> Work to be completed: Copy the entries character for character.

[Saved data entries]

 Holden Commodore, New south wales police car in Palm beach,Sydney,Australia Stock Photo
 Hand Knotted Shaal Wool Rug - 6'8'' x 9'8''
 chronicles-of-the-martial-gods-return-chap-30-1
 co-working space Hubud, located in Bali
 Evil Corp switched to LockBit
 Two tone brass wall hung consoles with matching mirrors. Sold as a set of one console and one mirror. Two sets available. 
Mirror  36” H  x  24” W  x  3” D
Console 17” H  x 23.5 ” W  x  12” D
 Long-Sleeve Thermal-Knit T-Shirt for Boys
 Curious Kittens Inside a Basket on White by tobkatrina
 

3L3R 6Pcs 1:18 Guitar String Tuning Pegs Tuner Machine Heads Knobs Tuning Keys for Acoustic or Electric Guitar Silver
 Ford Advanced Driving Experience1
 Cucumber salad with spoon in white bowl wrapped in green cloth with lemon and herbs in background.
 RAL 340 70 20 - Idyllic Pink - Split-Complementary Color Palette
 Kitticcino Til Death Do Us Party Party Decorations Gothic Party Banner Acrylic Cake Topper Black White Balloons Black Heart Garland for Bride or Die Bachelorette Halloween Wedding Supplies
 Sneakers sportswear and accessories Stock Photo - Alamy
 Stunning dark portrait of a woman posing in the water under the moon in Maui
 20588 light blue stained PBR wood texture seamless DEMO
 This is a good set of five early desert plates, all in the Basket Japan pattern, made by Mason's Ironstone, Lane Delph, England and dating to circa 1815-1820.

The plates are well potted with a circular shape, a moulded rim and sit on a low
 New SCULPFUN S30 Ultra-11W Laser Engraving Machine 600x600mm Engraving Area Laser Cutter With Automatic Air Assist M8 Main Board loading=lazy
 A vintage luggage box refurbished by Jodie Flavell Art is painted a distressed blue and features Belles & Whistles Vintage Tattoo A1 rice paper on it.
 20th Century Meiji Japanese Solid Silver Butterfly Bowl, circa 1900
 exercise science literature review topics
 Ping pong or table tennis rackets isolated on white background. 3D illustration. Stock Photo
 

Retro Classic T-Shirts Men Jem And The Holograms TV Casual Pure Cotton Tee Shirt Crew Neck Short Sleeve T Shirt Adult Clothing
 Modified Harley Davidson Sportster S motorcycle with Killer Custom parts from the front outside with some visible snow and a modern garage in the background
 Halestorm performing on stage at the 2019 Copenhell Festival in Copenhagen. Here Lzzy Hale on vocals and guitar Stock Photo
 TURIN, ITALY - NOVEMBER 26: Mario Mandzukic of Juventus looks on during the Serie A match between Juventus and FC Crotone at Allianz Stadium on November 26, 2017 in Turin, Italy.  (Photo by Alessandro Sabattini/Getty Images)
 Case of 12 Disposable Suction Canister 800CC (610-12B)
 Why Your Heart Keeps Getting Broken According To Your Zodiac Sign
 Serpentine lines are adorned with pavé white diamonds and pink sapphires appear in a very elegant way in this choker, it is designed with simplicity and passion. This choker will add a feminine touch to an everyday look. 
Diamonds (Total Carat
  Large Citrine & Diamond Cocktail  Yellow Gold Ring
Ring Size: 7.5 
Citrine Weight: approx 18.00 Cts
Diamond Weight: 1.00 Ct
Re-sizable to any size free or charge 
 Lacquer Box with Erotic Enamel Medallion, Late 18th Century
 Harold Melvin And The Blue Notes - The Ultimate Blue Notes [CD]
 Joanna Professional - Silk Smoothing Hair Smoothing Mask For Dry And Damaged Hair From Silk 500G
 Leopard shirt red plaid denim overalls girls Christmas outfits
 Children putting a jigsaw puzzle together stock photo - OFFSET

> Response:
 Holden Commodore, New south wales police car in Palm beach,Sydney,Australia Stock Photo
 Hand Knotted Shaal Wool Rug - 6'8'' x 9'8''
 chronicles-of-the-martial-gods-return-chap-30-1
 co-working space Hubud, located in Bali
 Evil Corp switched to LockBit
 Two tone brass wall hung consoles with matching mirrors. Sold as a set of one console and one mirror. Two sets available. 
Mirror  36” H  x  24” W  x  3” D
Console 17” H  x 23.5 ” W  x  12” D
 Long-Sleeve Thermal-Knit T-Shirt for Boys
 Curious Kittens Inside a Basket on White by tobkatrina
 

3L3R 6Pcs 1:18 Guitar String Tuning Pegs Tuner Machine Heads Knobs Tuning Keys for Acoustic or Electric Guitar Silver
 Ford Advanced Driving Experience1
 Cucumber salad with spoon in white bowl wrapped in green cloth with lemon and herbs in background.
 RAL 340 70 20 - Idyllic Pink - Split-Complementary Color Palette
 Kitticcino Til Death Do Us Party Party Decorations Gothic Party Banner Acrylic Cake Topper Black White Balloons Black Heart Garland for Bride or Die Bachelorette Halloween Wedding Supplies
 Sneakers sportswear and accessories Stock Photo - Alamy
 Stunning dark portrait of a woman posing in the water under the moon in Maui
 20588 light blue stained PBR wood texture seamless DEMO
 This is a good set of five early desert plates, all in the Basket Japan pattern, made by Mason's Ironstone, Lane Delph, England and dating to circa 1815-1820.

The plates are well potted with a circular shape, a moulded rim and sit on a low
 New SCULPFUN S30 Ultra-11W Laser Engraving Machine 600x600mm Engraving Area Laser Cutter With Automatic Air Assist M8 Main Board loading=lazy
 A vintage luggage box refurbished by Jodie Flavell Art is painted a distressed blue and features Belles & Whistles Vintage Tattoo A1 rice paper on it.
 20th Century Meiji Japanese Solid Silver Butterfly Bowl, circa 1900
 exercise science literature review topics
 Ping pong or table tennis rackets isolated on white background. 3D illustration. Stock Photo
 

Retro Classic T-Shirts Men Jem And The Holograms TV Casual Pure Cotton Tee Shirt Crew Neck Short Sleeve T Shirt Adult Clothing
 Modified Harley Davidson Sportster S motorcycle with Killer Custom parts from the front outside with some visible snow and a modern garage in the background
 Halestorm performing on stage at the 2019 Copenhell Festival in Copenhagen. Here Lzzy Hale on vocals and guitar Stock Photo
 TURIN, ITALY - NOVEMBER 26: Mario Mandzukic of Juventus looks on during the Serie A match between Juventus and FC Crotone at Allianz Stadium on November 26, 2017 in Turin, Italy.  (Photo by Alessandro Sabattini/Getty Images)
 Case of 12 Disposable Suction Canister 800CC (610-12B)
 Why Your Heart Keeps Getting Broken According To Your Zodiac Sign
 Serpentine lines are adorned with pavé white diamonds and pink sapphires appear in a very elegant way in this choker, it is designed with simplicity and passion. This choker will add a feminine touch to an everyday look. 
Diamonds (Total Carat
  Large Citrine & Diamond Cocktail  Yellow Gold Ring
Ring Size: 7.5 
Citrine Weight: approx 18.00 Cts
Diamond Weight: 1.00 Ct
Re-sizable to any size free or charge 
 Lacquer Box with Erotic Enamel Medallion, Late 18th Century
 Harold Melvin And The Blue Notes - The Ultimate Blue Notes [CD]
 Joanna Professional - Silk Smoothing Hair Smoothing Mask For Dry And Damaged Hair From Silk 500G
 Leopard shirt red plaid denim overalls girls Christmas outfits
 Children putting a jigsaw puzzle together stock photo - OFFSET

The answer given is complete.